One emerging idea is that complex multicellularity, such as that of animals, plants, and fungi, may have evolved only a handful of times, and that it almost always resulted from the division of a single cell into the components of the larger organism, King says. In contrast to slime molds, for example, which form via aggregation of neighboring cells, the earliest multicellular animals were likely to have evolved by failing to disperse after the mother cell divided.

Evidence of this comes from a recent study out of King’s lab that found choanoflagellates fail to form colonies when cell division is inhibited.8 If the earliest ancestors of animals were anything like modern-day choanoflagellates, this suggests that animal development from a single-celled embryo is core to our evolution, and not a secondary development.

Similarly, the volvocine algae all divide via multiple fission, where the nucleus divides many times before the cytoplasm splits to generate that number of daughter cells. “It’s a way of producing a large number of genetically identical cells all at once,” says evolutionary biologist Matthew Herron of the University of British Columbia. “The only thing you need to do to produce an eight-cell colony [is have] them to stick together.”

The evolution of Volvox
The volvocine algae are a model system for studying the evolution of multicellularity, as the group contains extant species ranging from the unicellular Chlamydomonas to a variety of colonial species and the full-fledged multicellular Volvox varieties. Comparing the biology of these organisms, evolutionary developmental biologist David Kirk of the Washington University in St. Louis proposed 12 steps that were key to this transition. Here are some highlights that were key to this transition (BioEssays, 27:299-310, 2005).
Lucy Reading-Ikkanda (diagrams and cells); SOURCE: David L. Kirk
Complexity breeds cooperation

Beyond the molecular and developmental logistics of evolving multicellularity, there is the added complication of genetic conflict. An incredible amount of cooperation is required for individual cells to come together and function as one, and with natural selection acting at the level of the individual cell, there will be significant evolutionary pressure to cheat the system and sabotage the success of the multicellular whole.

Sean McCabe

The collaboration of first a few, then millions of cells to create an entirely new kind of “individual” thus requires a shift in the level of biological organization upon which natural selection acts. In this way, the evolution of multicellularity can be considered what has been termed an “evolutionary transition in individuality” (ETI), where the unit of selection changes from a single cell to a group of cells—the newly evolved multicellular individual. Other ETIs include the congregation of replicating molecules to yield the first prokaryotic cells, the associations of prokaryotic cells to create eukaryotic cells with organelles such as chloroplasts and mitochondria, and the establishment of cooperative societies composed of discrete multicellular individuals, like eusocial insect colonies.

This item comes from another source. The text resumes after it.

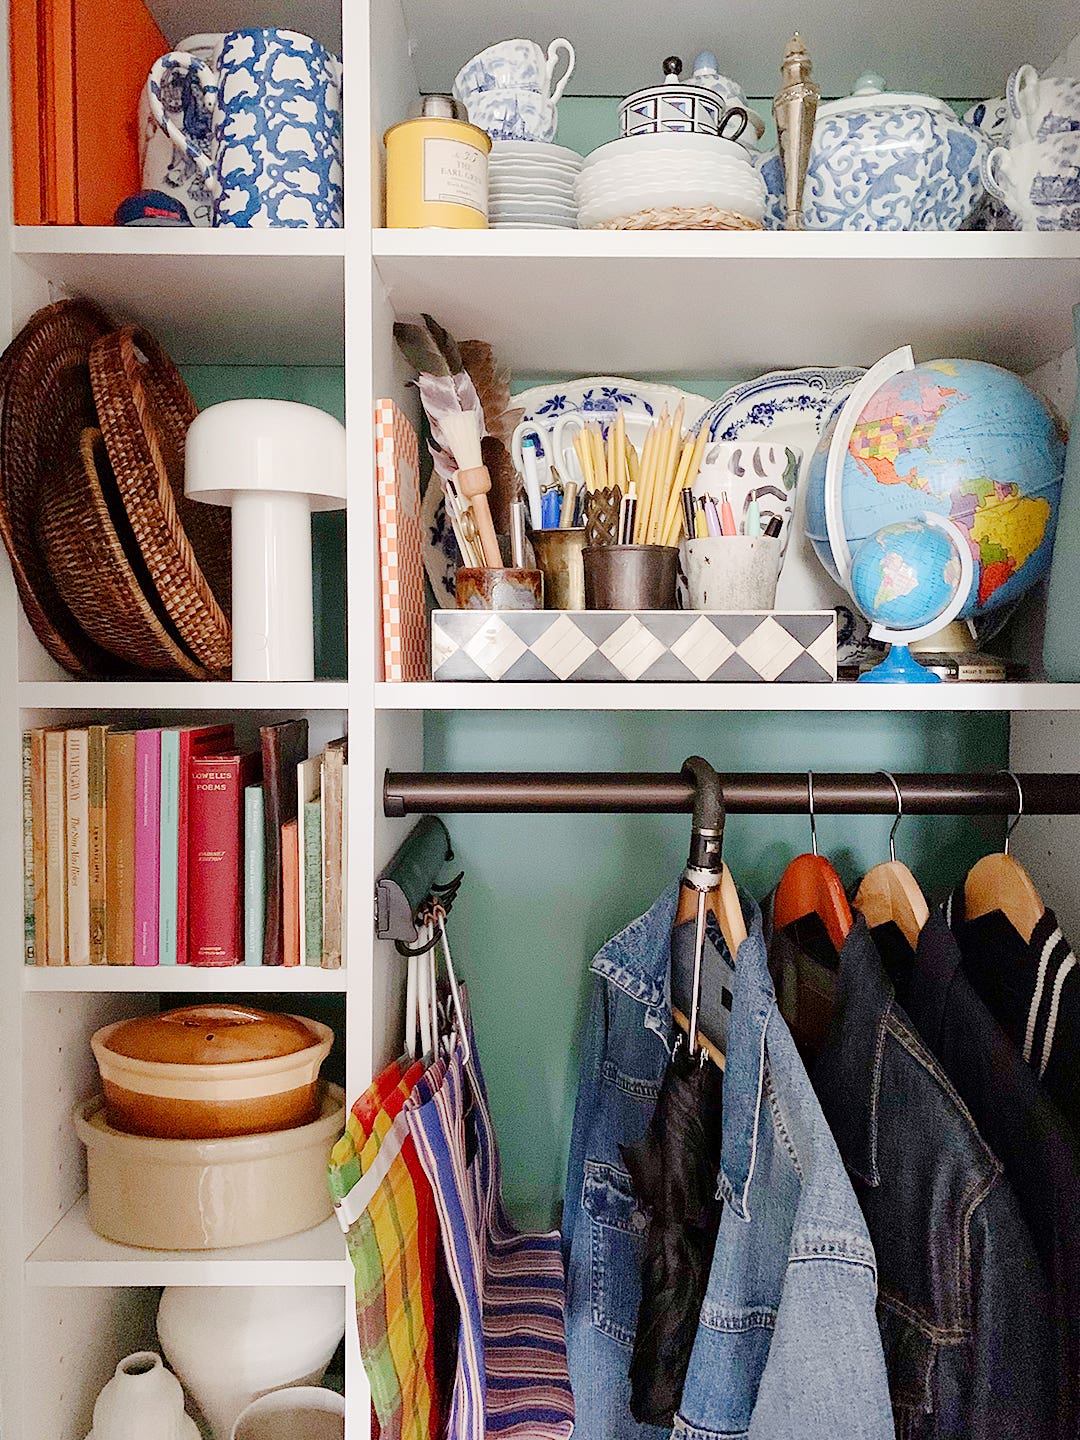 Our Style Editor’s Front Hall Closet Features an Ingenious Spot for Tote Bags

“The general principle is, in any of these kinds of transitions there’s always some form of cooperation that’s needed,” says Herron. “In the example of the ants and bees, it’s the workers that are being cooperative in the sense that they’re sacrificing their own reproduction in order to help the queen reproduce. And in multicellular organisms like us and Volvox, the somatic cells are cooperating in the sense that they’re sacrificing their own reproduction in order to help the reproductive cells reproduce.”

Sean McCabe

But such transitions are not always smooth, as conflict can arise when selfish mutations result in cheaters that attempt to benefit from the group without contributing their fair share. One of the first cooperative steps required for the evolution of multicellularity in the volvocine algae was the development of the ECM from cell wall components, which can be metabolically costly to produce. The ECM can thus be thought of as a shared resource, and cells that do not contribute to its production may still benefit from its existence, thus gaining a growth or reproductive advantage.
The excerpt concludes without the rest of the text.